Collard Greens: A Method
Southern-style slow-cooked collard greens, without the meat.
When I was a ravenous high-schooler, I bought food at the street carts outside my school every afternoon. Back then, I needed a full extra meal to tide me over between lunch and dinner or I felt like I was starving. Philly is an incredible street food town, and not the new-wave gentrified version that has taken over American sidewalks. The carts in Philly are old-school grease trucks, serving up classics like cheesesteaks, scrapple-and-egg sandwiches, and chili dogs to a mostly working-class crowd.
One of my favorite carts to visit in high school was Jamaican D’s, which served a mixture of Jamaican food and soul food. People would travel from all over Philly to buy their most popular dishes before they ran out. It was a lucky day if they still had oxtails to sell after 10am. When I was really hurting for cash, I could buy a bag of fried dough from Jamaican D’s for a dollar and eat the savory doughnuts with hot sauce to sate my teenage hunger. When I had a couple extra bucks, I would spring for a plate of sides. Each order of a side of mac and cheese or rice and beans or whatever cost 2 bucks for a ton of food.
The collard greens from Jamaican D’s were the first green vegetable I can remember willingly eating. The greens were slow-cooked and tender, accented with garlic, vinegar and a touch of chile heat. They tasted good, and they made me feel good too. Greens feel like medicine, like they can protect your body from harm and heal what ails you.

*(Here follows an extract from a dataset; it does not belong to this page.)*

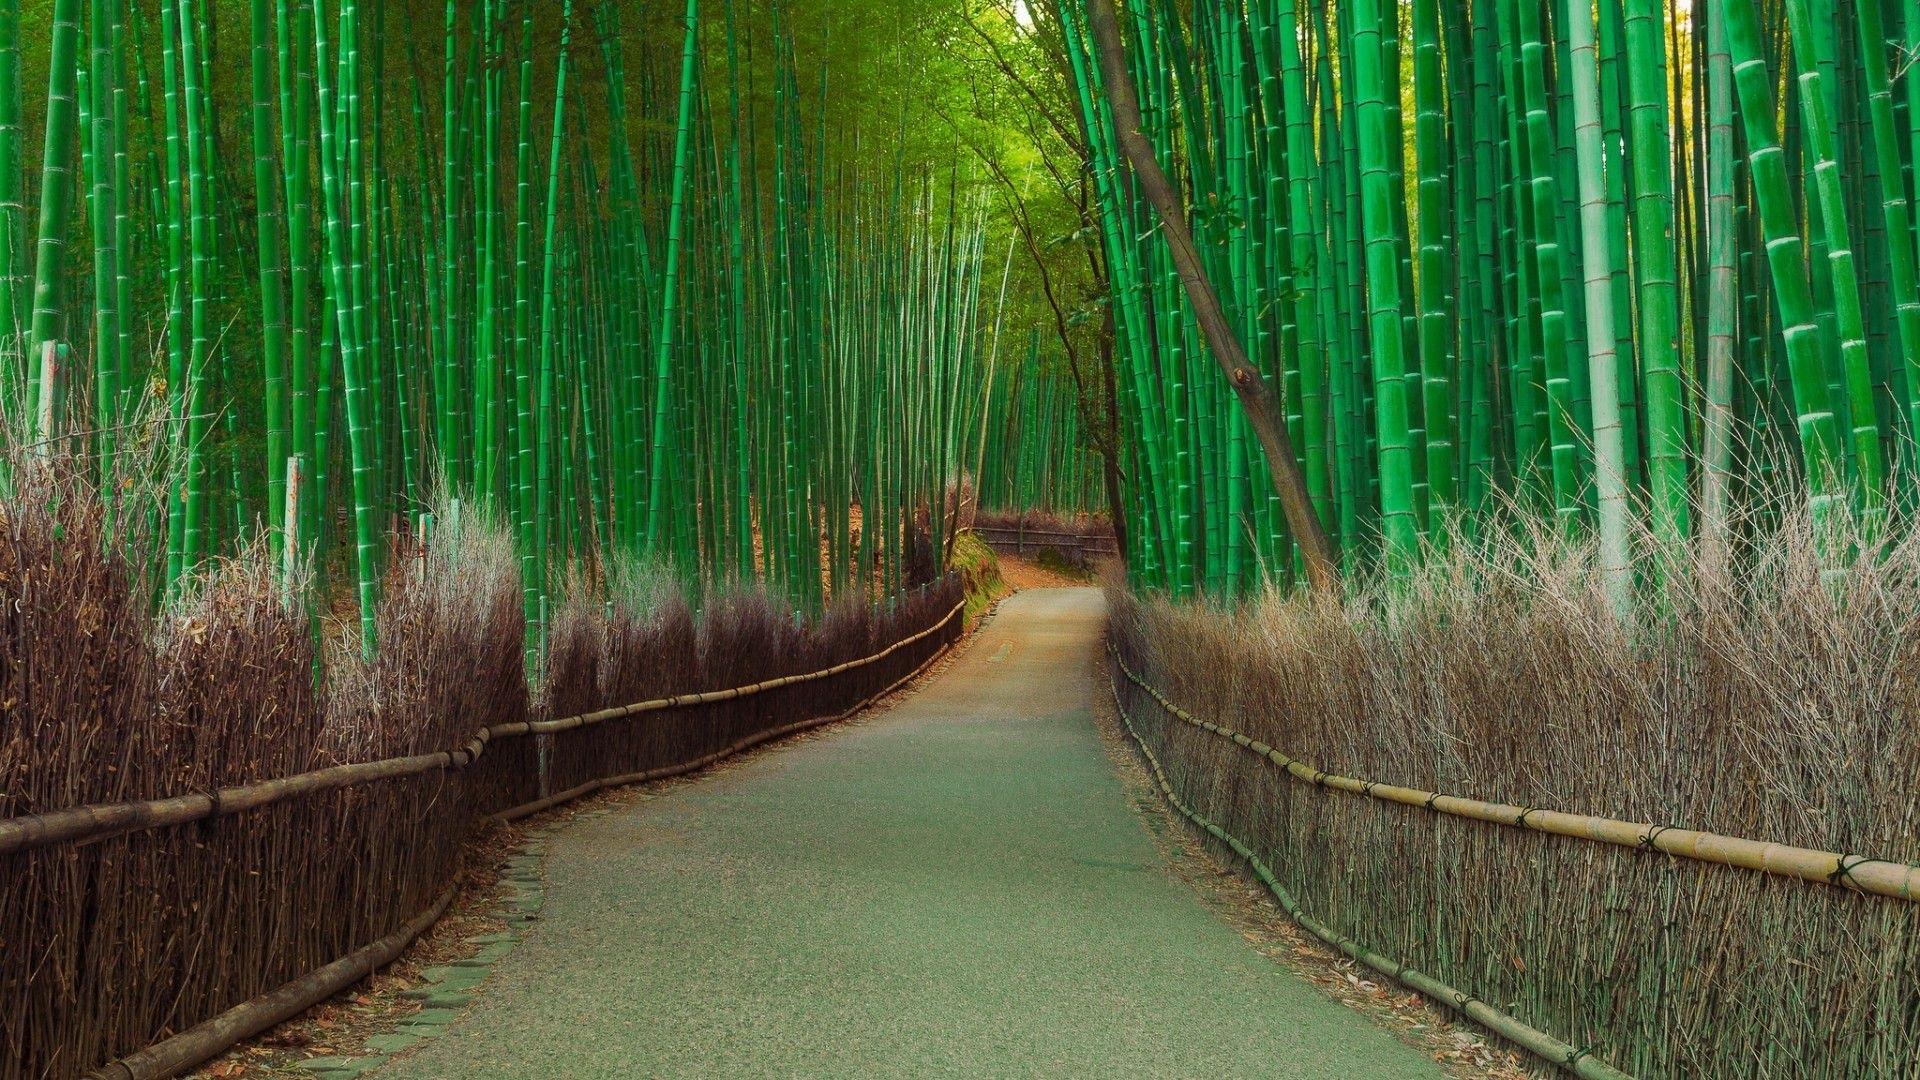 Bamboo Nature Path 1920x1080

I won’t call this recipe a recreation of the one from Jamaican D’s. It’s been too long since I had their greens to make any such claim. This is my method for cooking collards, trying achieve the perfect balance of sour, savory and spicy I remember from the street cart. This recipe is vegetarian/vegan if you make it with the msg instead of the chicken bouillon. Although the home cooks in the state I live in now would smack me for saying so, I prefer my greens cooked without pork. I think hog is unnecessary and totally covers of the flavor of the greens. That being said, this is more a method than a specific recipe, so play around with ingredients and amounts to suit your needs.
Greens
3 bunches collard, mustard, or turnip greens
1/2 a yellow onion or 1 bunch scallions, cut small
4-5 cloves garlic, minced
1/2 tsp chili flakes
dash of cajun seasoning blend like Tony Chachere’s
a few splashes of Louisiana-style hot sauce like Crystal
2-4 tbsp apple cider vinegar, depending on how tangy you like your greens
1 tbsp soy sauce
2 tsp chicken bouillon powder or 1/4 tsp msg (you could leave this out, but why deny yourself pleasure in these troubled times?)

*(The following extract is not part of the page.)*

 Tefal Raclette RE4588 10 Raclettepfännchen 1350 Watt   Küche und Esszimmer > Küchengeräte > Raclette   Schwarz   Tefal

If using collards or turnip greens, strip the greens from the woody stalks with your fingers or scissors. Wash your greens well. I feel like supermarket greens have less dirt on them than they used to, but crap still hides on the folds of those leaves. I found a caterpillar the last time I picked through some greens before cooking. Chop cleaned greens roughly into segments about 2 inches long.
Sweat onions/scallions and garlic with a pinch of salt on medium heat in a healthy glug of olive oil in your biggest pot. When the onions and garlic go translucent and start to brown a little around the edges, add chili flake and toast for 20 seconds. Add your greens a couple handfuls at a time, stirring to wilt the new additions to make room for more until all have made it into the pot.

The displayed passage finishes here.